Stewart's choice of the name Isherwood (or Ish as he calls him) for the main character is an anthropological reference to Ishi, a Yahi Indian (a subset of the Yana) who emerged from the California wilderness in 1911, only to discover that his people were all but extinct as he was the last member of his tribe. Stewart might also have been referring to the Hebrew word Ish, meaning "person or man."

The book follows Ish throughout his life, chronicling his attempts to rebuild human civilization with the few remaining plague survivors. Many of Ish's observations center on the effect humanity's absence has on the ecosystem. Though there are many short term effects (such as rapid increase and then precipitous decline in the rat population), in the long term, the Earth endures without the 'benefit' of human civilization. In the end, however, Ish finds that his fellow survivors don't share his interest in rebuilding civilization, and his small band of survivors (and succeeding generations born after the plague) seem to naturally return to a more primitive way of life.

Just as the Native American Ishi left the wilderness to find that he was the last carrier of his tribe's culture, by the end of Earth Abides, the reader sees that Ish is the last carrier of American civilization - as Stewart refers to Ish as "the last American."

However, implicit in the story, is that civilisation will not have to restart from the beginning, but will be able to build on what has been left behind by the previous civilisation.
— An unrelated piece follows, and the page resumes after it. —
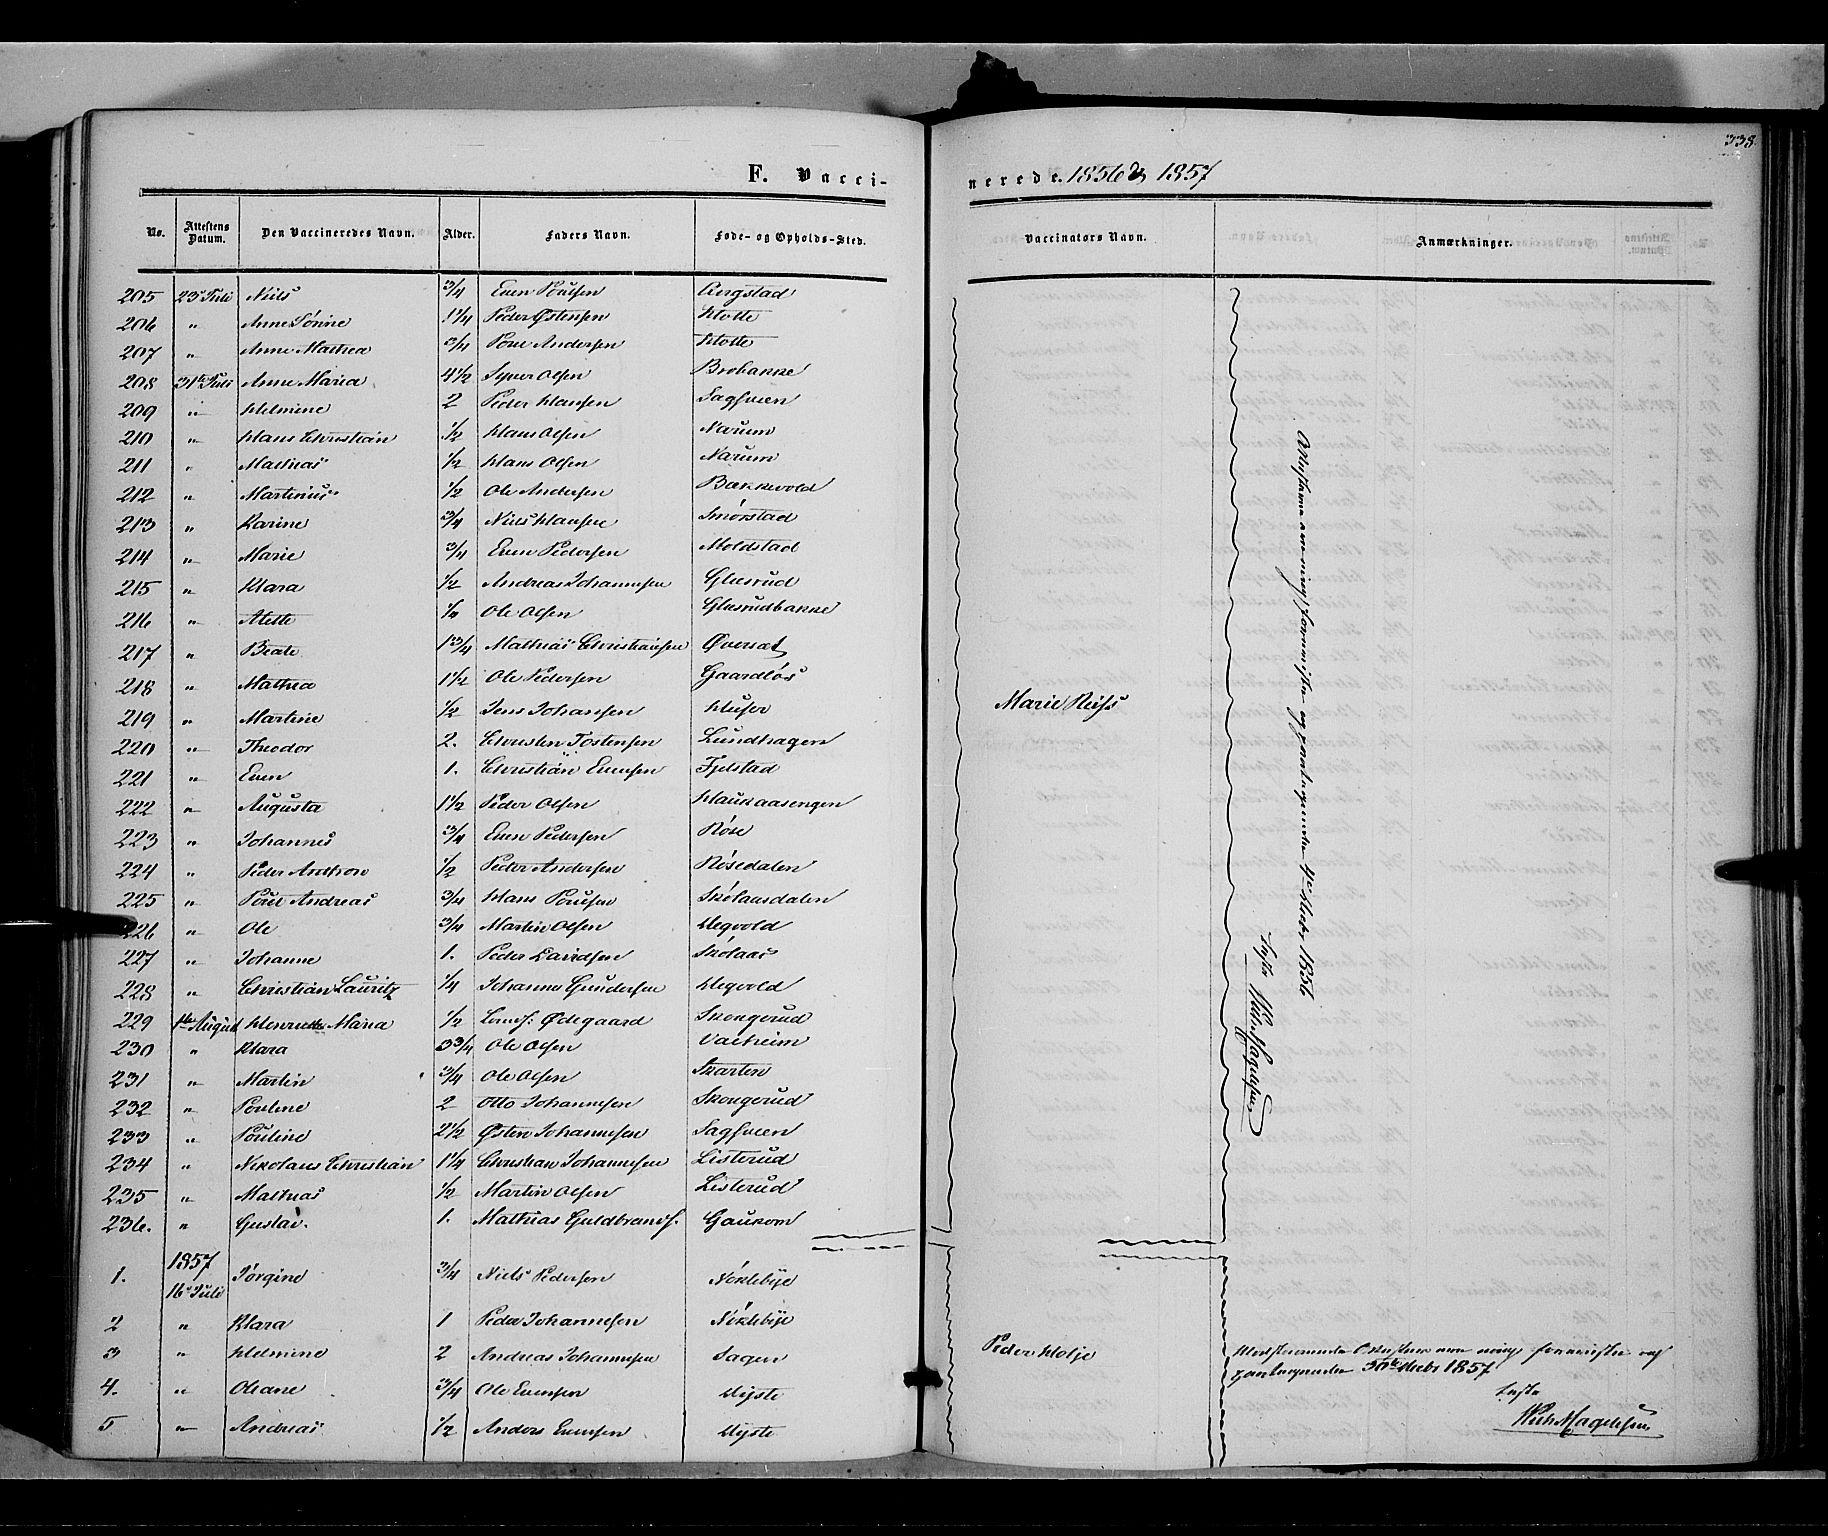 SAH, Vestre Toten prestekontor, H/Ha/Haa/L0006: Ministerialbok nr. 6, 1856-1861, s. 338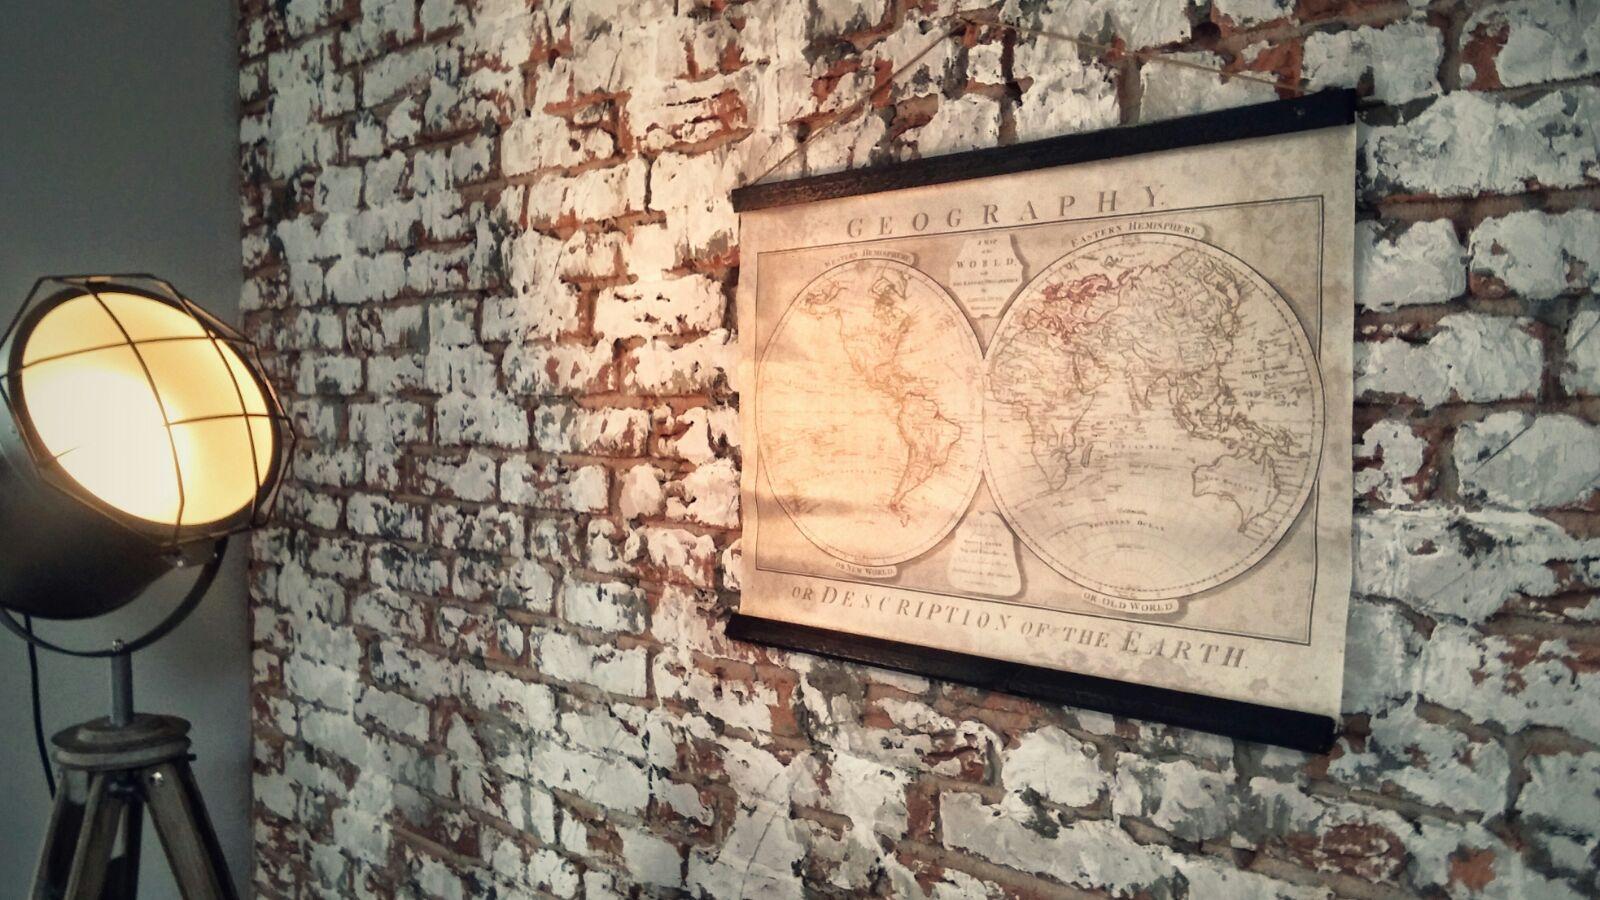 woonkamer interieurstyling industrieel brickwall bakstenen muur vintage poster.jpg

For example, the hunters of Ish's tribe use sharpened coins to make arrowheads.

While the "post-apocalyptic" literary sub-genre of Science Fiction is now quite common, Earth Abides distinctly predates similar well-known novels including Pat Frank's Alas, Babylon, and William Brinkley's The Last Ship.

Though published more than half a century ago, Earth Abides is only moderately dated (such as a reference to Mercury dimes, for example). The book deals with such issues as race-relations, the purpose of education, and the nature of humanity.

Perhaps this book's most pronounced innovation is its avoidance of common post-apocalyptic conventions: you will not find biker gangs, roving bands, final confrontations between good and evil, a dynamic superhero that restores civilization with his iron will and fanatical followers, no indomitable enemy to fear and fight who resembles the hero, and there is not even a shortage of food, shelter, or supplies. In fact, the book is remarkably non-eventful for being such a fascinating read.

Essentially, the entire book reads like a "Dirge for the End of Society and Mankind's Supremacy." Along with Ish, we bear silent witness to a world decimated by plague, yet having left the (slowly decaying) infrastructure intact. Stewart spends a great amount of time talking about the emptiness and decay of the world: storm drains clogging, water seeping into houses and rotting the carpets, termites collapsing houses over the work of decades, dust settling into the corners of the Golden Gate Bridge (and grass growing there), and the work of rain and frost on the Northeast roads.

This is a very different read from the typical post-apocalyptic fare. It carries neither the action-adventure slapdash of Mad Max, the survivor-styled machinations of "Alas, Babylon" nor the dystopia of Margaret Atwood's "Oryx and Crake" (and its ilk); there is neither the "final clash between Good and Evil" of "The Stand" nor the despairing nuclear fearmongering of Nevil Shute's "On the Beach."

In fact, this book stands largely on its own, perhaps only comparable to Mary Shelley's "The Last Man" or Jack London's "The Scarlet Plague," though such a comparison bears further examination.